We've been using a perl script to extract datas from several logs to generate a report. I've been asked to rewrite the code in C++. I want to know if it is wise to have a code in C++ and will it be more faster than Perl?

Most perl scripts are portable to a wide selection of operating systems. A C++ program would have to be rebuilt to move it to a different machine architecture and might need to be rebuilt to move it to a different operating system even if they both run on the same hardware.

If you are a competent C++ programmer, you should be able to write a C++ program that will run faster than an interpretive language like perl to perform the same job. (However, that doesn't mean that writing the C++ code to get an improved level of performance over a perl script will necessarily be easy.)

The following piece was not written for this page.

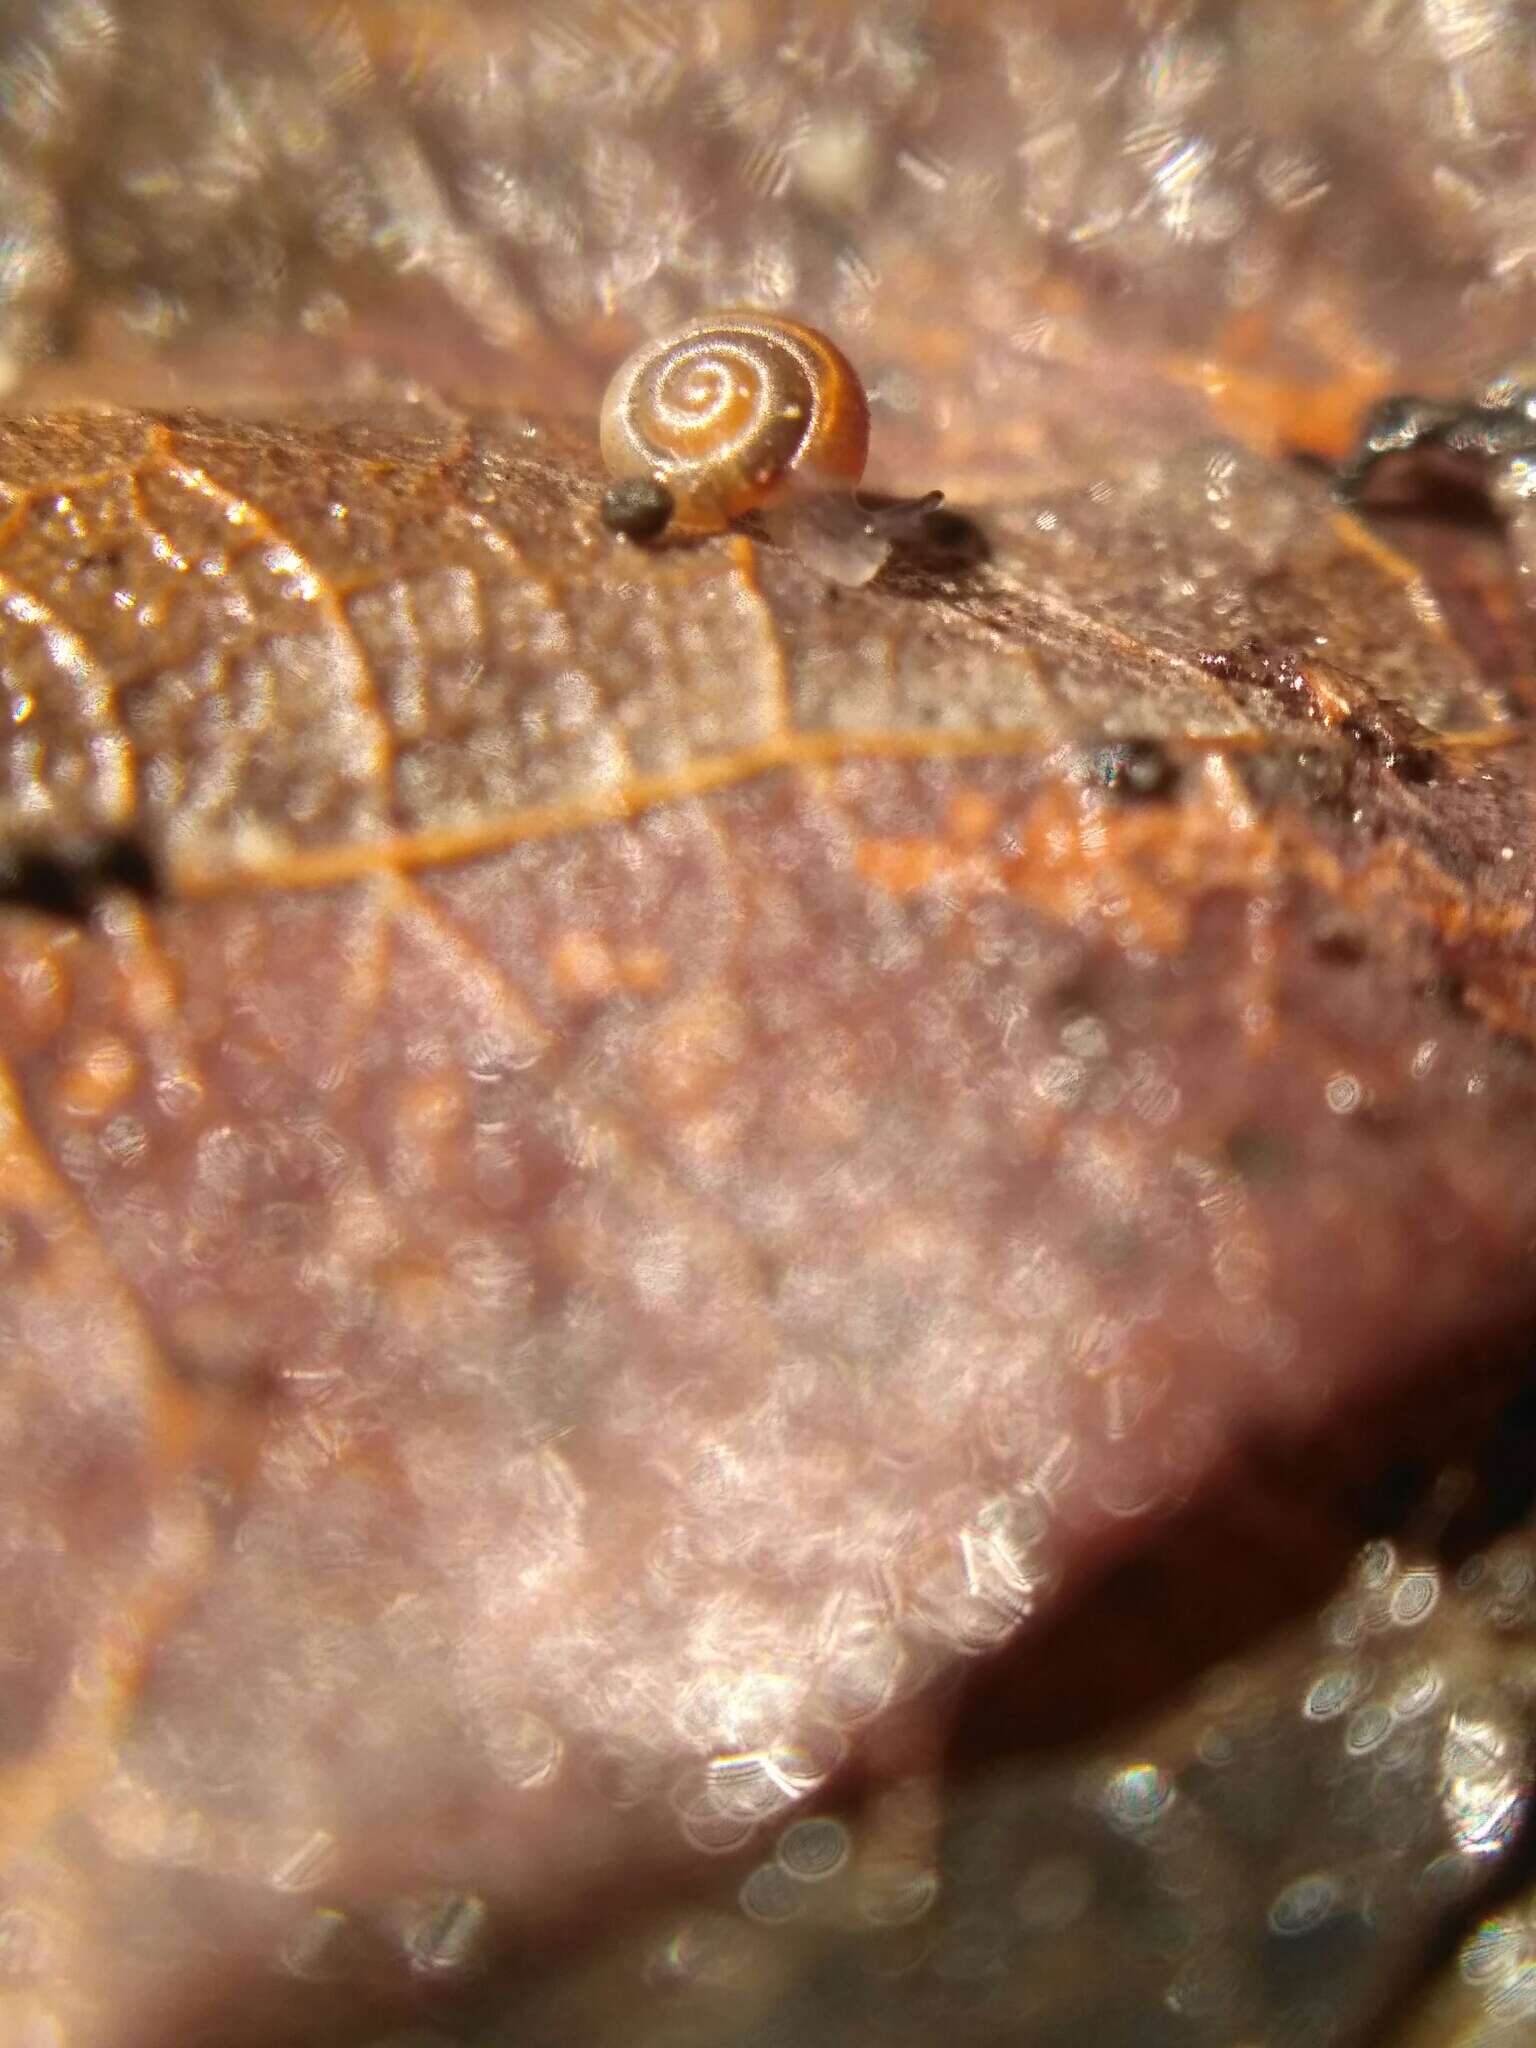 Image of dwarf snail

It may be a good idea to find out what the bottleneck in the perl program is, before you get carried away. Reimplementing a flawed algorithm in a faster language may give you little to no benefit.

Take a decision only after profiling your program, using either one of the standard distribution profilers or one from CPAN.

I think it's a fine idea to write the program to C++. Yes, a C++ program doing the same logic as a perl program will be faster. But I agree there may be a bottleneck in the perl program that could be fixed.

Normally, I do a short task using bash. But once it gets to a certain level of complexity, I move to C. It runs faster, but that's not the main point. It's so much easier to maintain a complex program in C than a complex program in a scripting language. The same logic applies to perl, which is kind of infamous for somehow leading to undecipherable code. On the other hand, there are large applications written in perl.

For the most part, I disagree with this assertion. If there is a graphic front end, it is often tricky writing multi-platform code. But for processing a log file, the program should compile on any platform, assuming the programmer is competent.

Why were you asked to rewrite in C++? Was any justification given? Or is it just a blind assumption that it will be better?

I am going to assume that the perl script is a complicated beast.

I would seriously advise against a rewrite, except as a last resort. Complex code that works well is usually the result of a lot of testing and debugging. I would not cast it aside lightly.

I concur with Corona688 and elixir_sinari. Profile your current script and see where it spends most of its time. Then, have a look at those subroutines and see if they can be optimized in perl. Even if that's insufficient, a complete rewrite is still not your only alternative. The critical perl sections can be re-implemented in C and loaded by the perl interpreter like any other module: perlxs.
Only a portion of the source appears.